We built 8 different training+testing sets by dividing our training sample according to the sources extension in the optical, and the amount of photometric data available: only optical (5 filters: ugriz), only optical+NIR (8 filters: ugrizJHK), only optical+MIR (7 filters: ugrizw1w2), and optical+NIR+MIR (10 filters: ugrizJHKw1w2). Figure 2 shows a comparison between spectroscopic and photometric redshifts for SDSS (left) and Pan-STARRS (right) training samples. Our test results are presented in the following table:

extended point-like extended point-like
# filters σNMAD η (%) σNMAD η (%) σNMAD η (%) σNMAD η (%)
5 0.071 18 0.076 29 0.063 13 0.138 41
7 0.057 14 0.064 19 0.038 6 0.088 25
8 0.054 12 0.057 20 0.052 9 0.074 26
10 0.046 9 0.049 14 0.036 4 0.062 17
Figure 2. Spectroscopic against photometric redshifts for SDSS (left) and Pan-STARRS (right) training samples. Blue triangles are point-like sources, red circles are extended sources.

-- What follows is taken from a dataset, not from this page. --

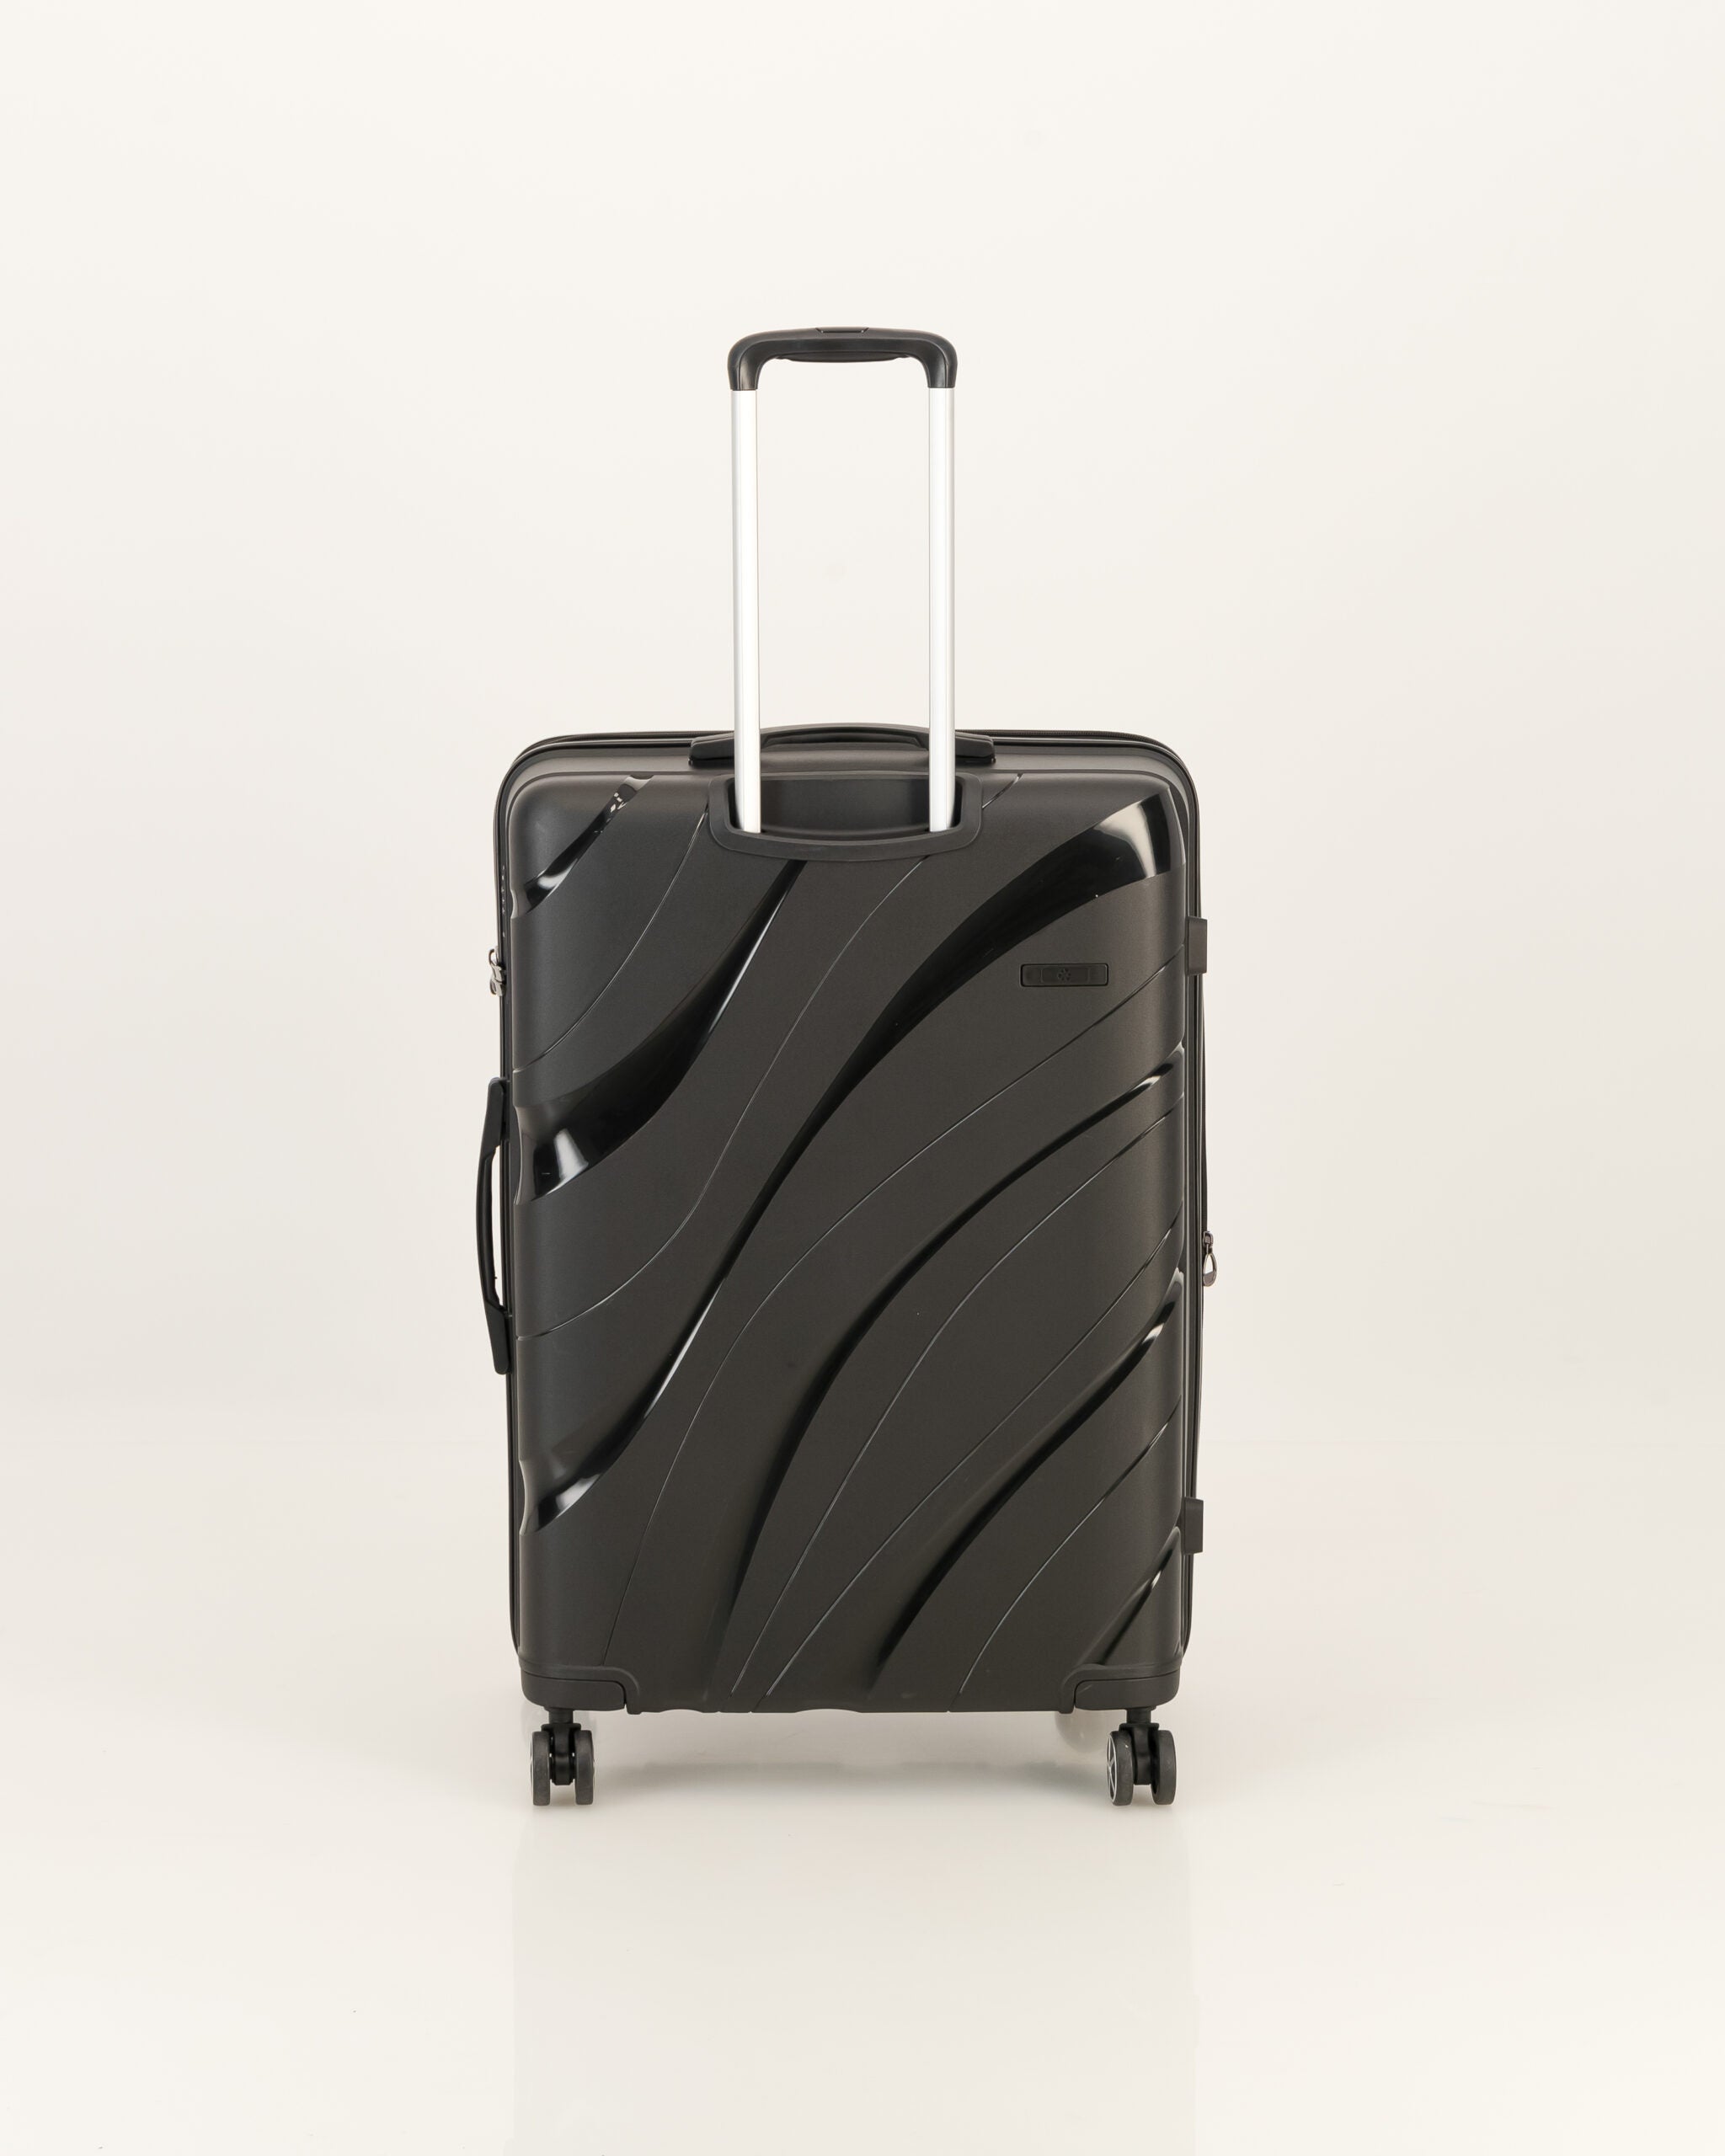 Orbit blk rear full suitcase_CR2_11

Since TPZ gives the full PDF for the photometric redshifts, we can obtain more information on the reliability of the derived redshift for each particular source. An unimodal PDF, narrowly concentrated around its maximum is a sign of a reliable redshift estimate, while a multimodal PDF with several local maxima of similar height is a clear sign that the redshift is badly determined.

We calculated several parameters derived from the PDFs and we tested how a selection of sources based on these parameters affects the performance of our photo-z derivation.

Figure 3 presents the results of our statistical tests using the training+testing samples we described above, for the SDSS and Pan-STARRS samples. For each sample, we selected sources with PS or zConf greater or equal than a given value, and we calculated η, σNMAD, the percentage of rejected sources with respect to the total number of sources in the full training sample (i.e. without any filtering), and the percentage of rejected sources that are not outliers with respect to the number of rejected sources. Note that Npeaks is one if PS is one, therefore a Npeaks-based selection (Npeaks=1) is equivalent to selecting sources with PS=1.

There is an obvious trade-off between selecting high confidence photometric redshifts and the final number of sources in the sample. Finding a compromise between these two factors is therefore necessary. No filtering based on this kind of quality criteria was applied in the final version of XMMPZCAT. We included our estimates of this parameters in the catalogue, and is up to the final user to apply the quality selection best suited for the pursued scientific goals.

Figure 3. Statistics for the derivation of photometric redshifts, using the training+testing SDSS (left) and Pan-STARSS (right) samples. Left column plots correspond to a selection based on PS, right column plots correspond to a zConf selection. First row: percentage of outliers; second row: normalized median absolute deviation; third row: percentage of rejected sources after filtering; fourth row: percentage of rejected sources that are not outliers. Purple symbols correspond to 10 filters samples, blue symbols to 7 filters samples, green symbols to 8 filters samples, orange symbols to 5 filters samples. Solid lines correspond to extended sources samples, dashed lines to point-like sources samples.

2.3. Separating stars

At the average X-ray flux levels of the 3XMM catalogue and high galactic latitudes, the expected percentage of X-ray emitting stars is small, below 10%, but not negligible. TPZ can be used also to classify sources, and it has in fact been used before to separate optical stars from quasars with an extremely high efficiency by using SDSS and WISE photometry.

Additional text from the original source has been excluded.